-- Goal of the exercise --
Please set down the data word for word; images do not go in the copy.

-- Stored data --
---------------

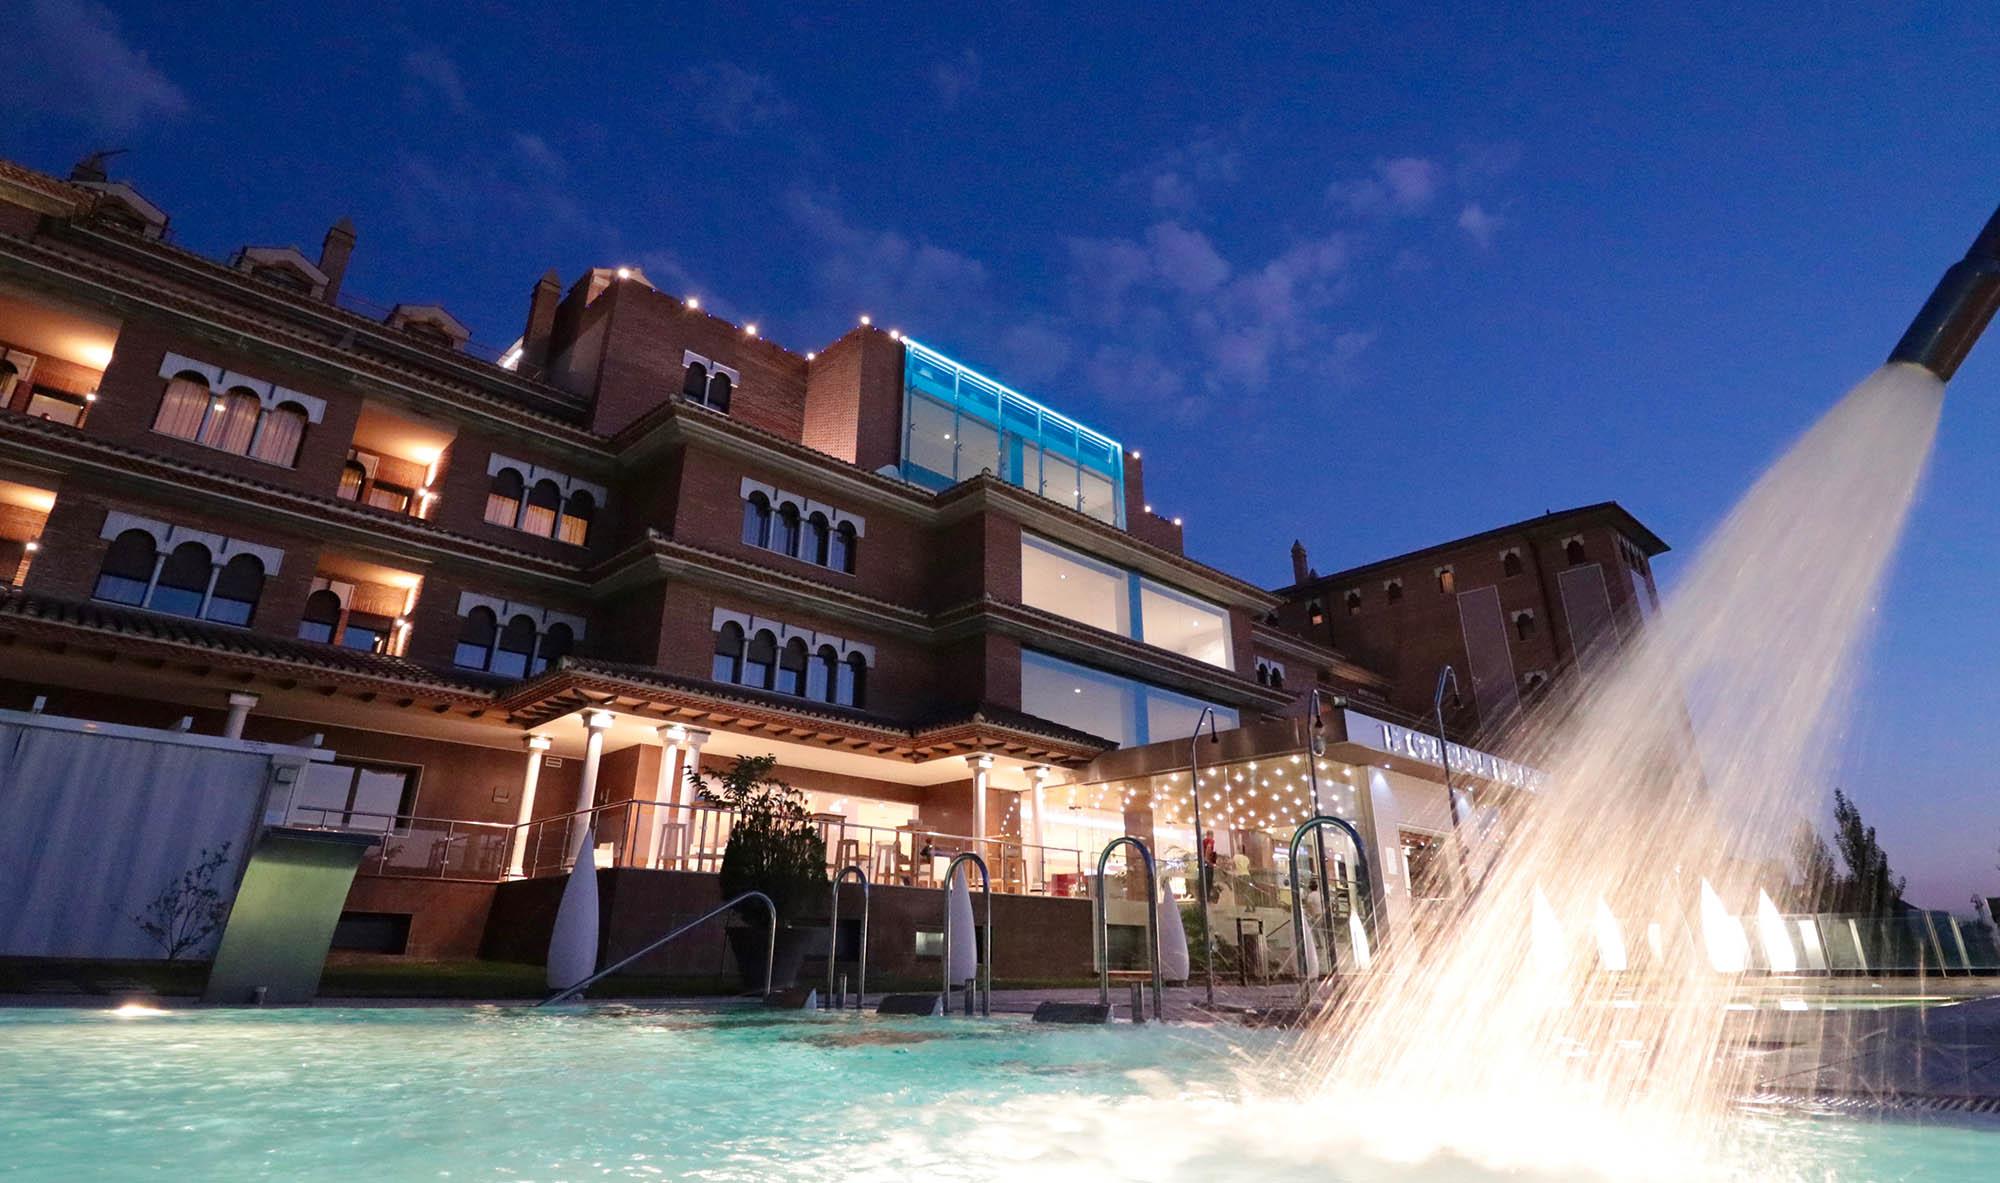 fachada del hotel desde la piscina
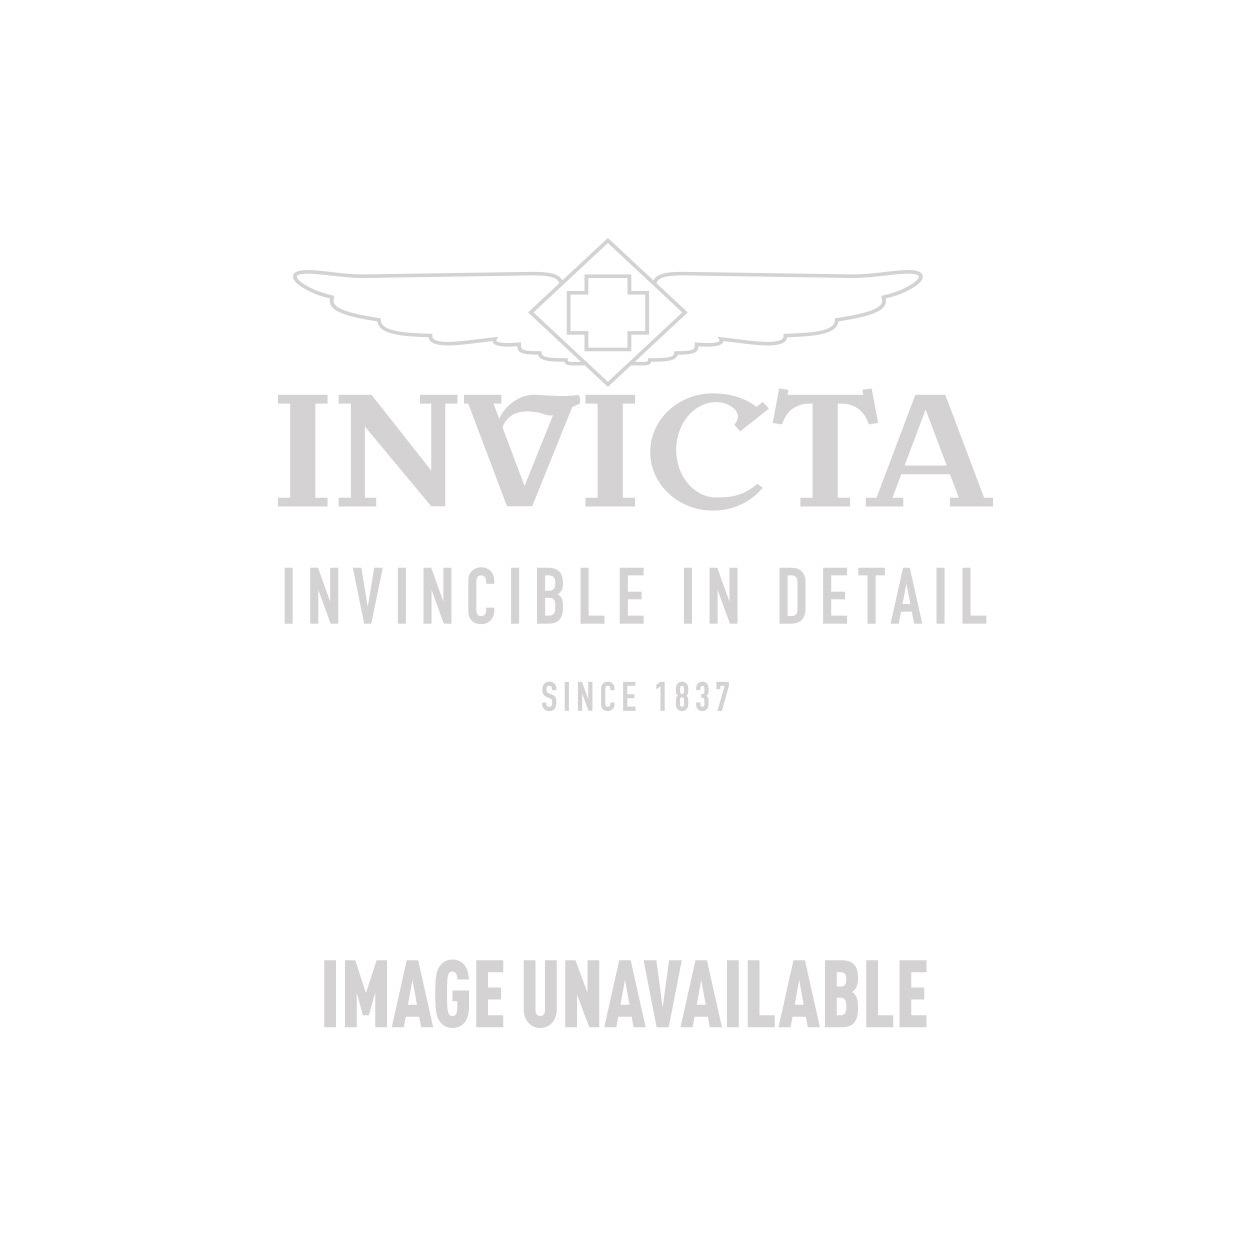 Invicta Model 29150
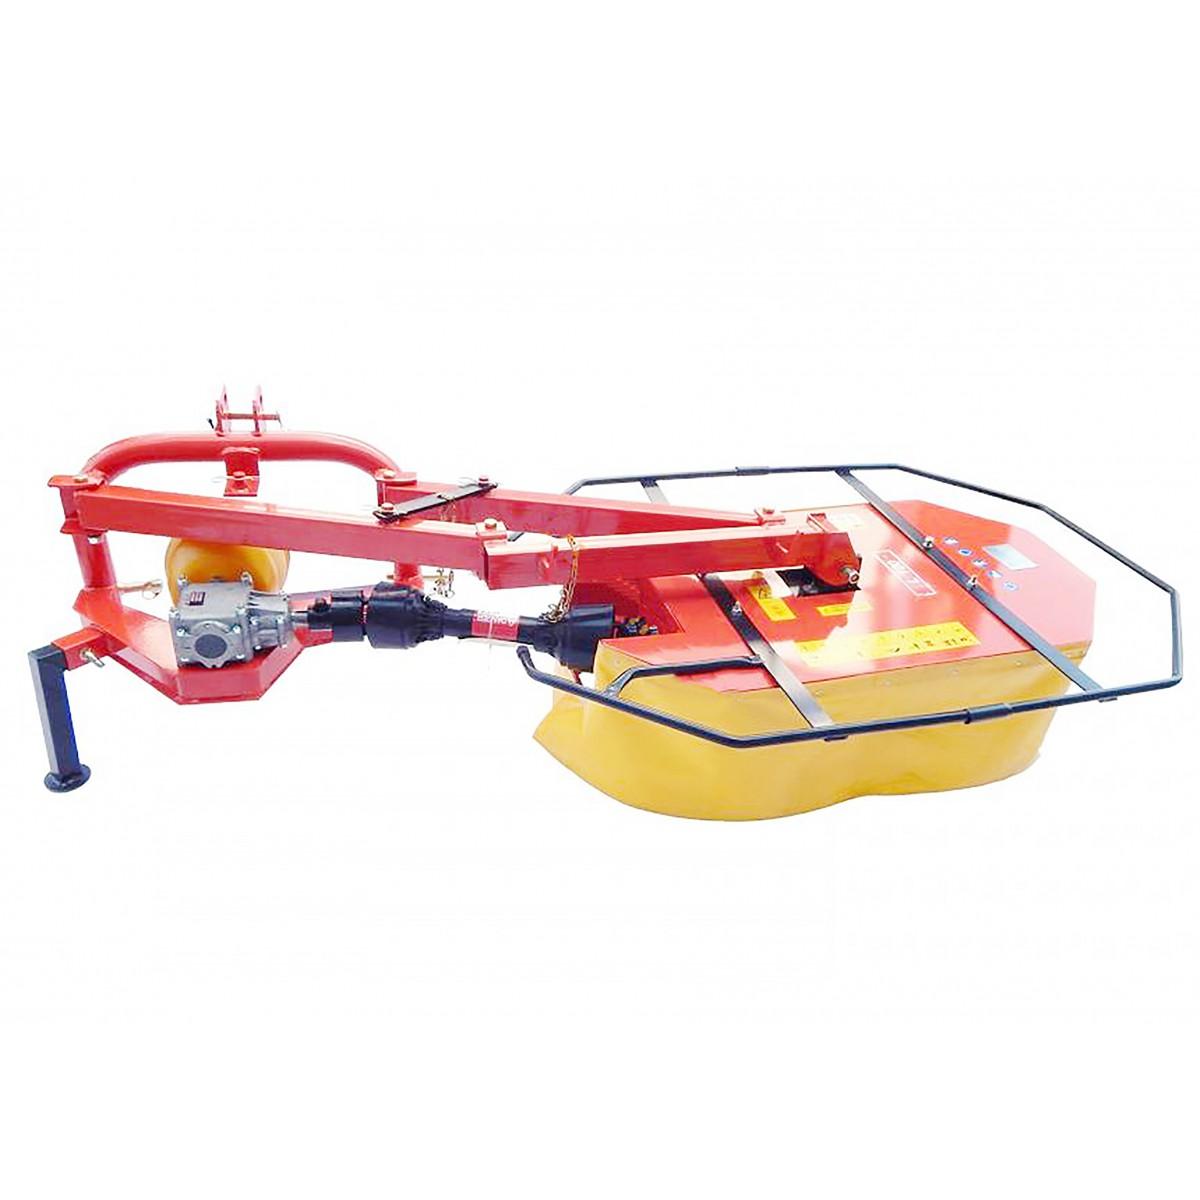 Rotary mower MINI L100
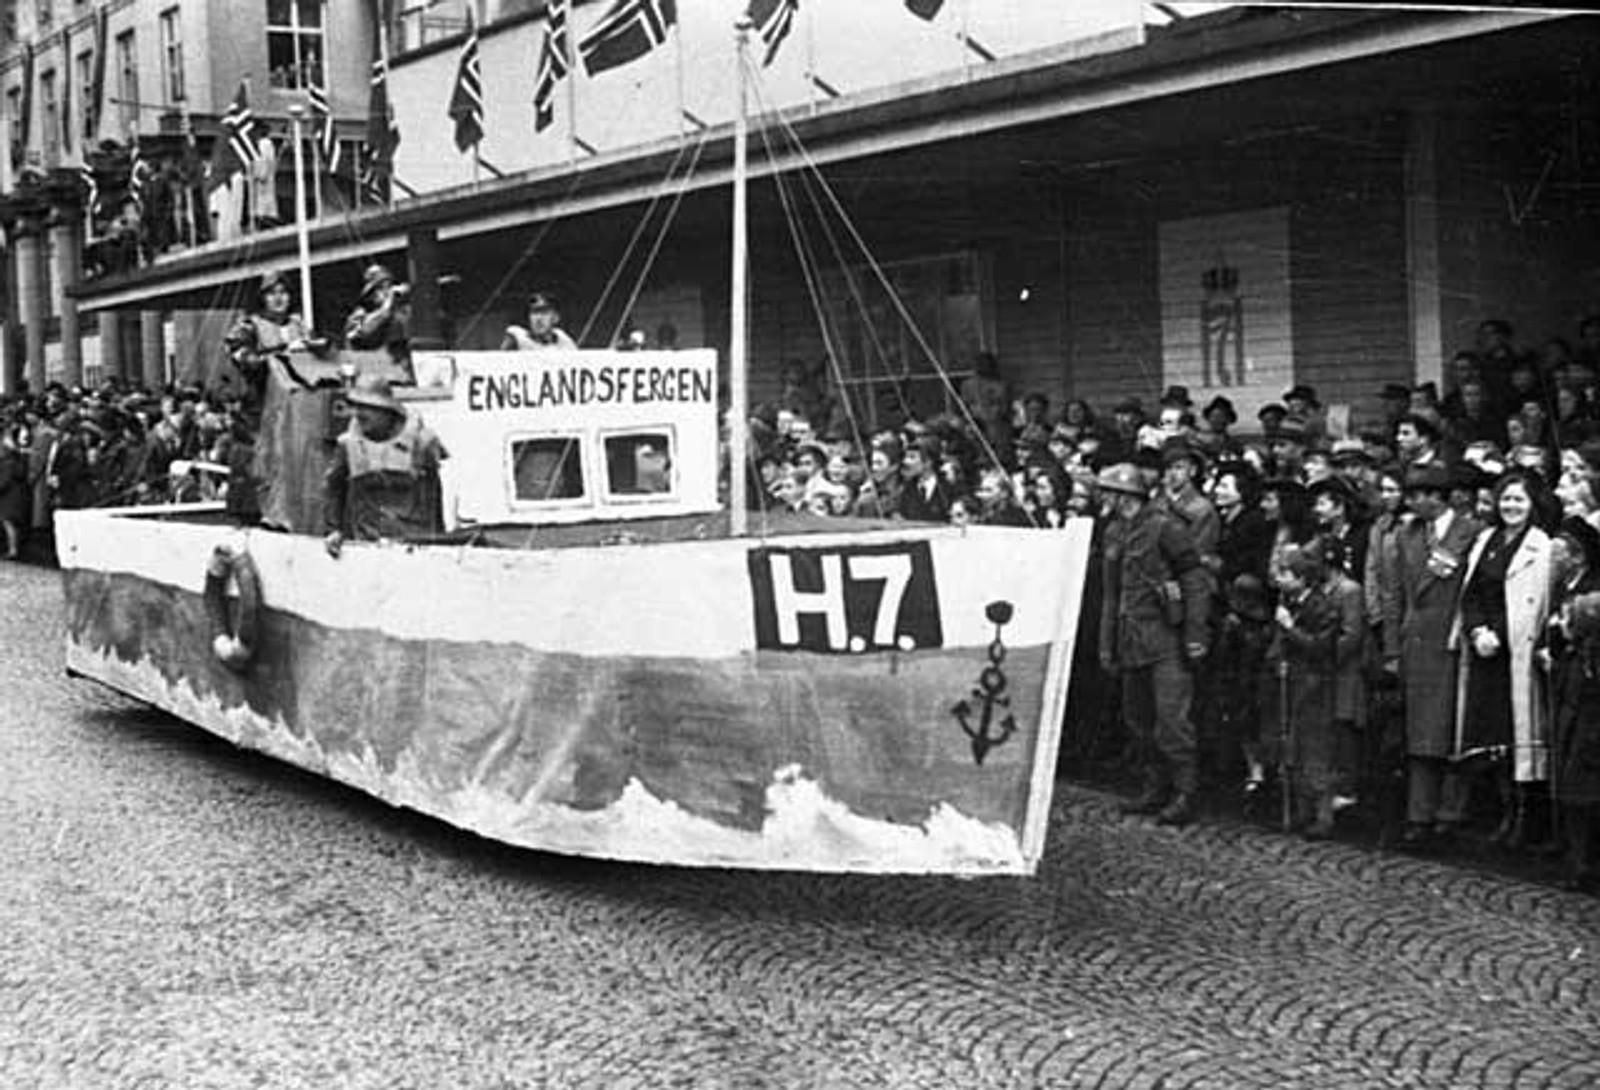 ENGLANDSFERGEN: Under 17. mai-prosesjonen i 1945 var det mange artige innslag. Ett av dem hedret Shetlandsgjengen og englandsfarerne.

---------------

-- Written solution --
 fachada del hotel desde la piscina
 Invicta Model 29150
 Rotary mower MINI L100
 ENGLANDSFERGEN: Under 17. mai-prosesjonen i 1945 var det mange artige innslag. Ett av dem hedret Shetlandsgjengen og englandsfarerne.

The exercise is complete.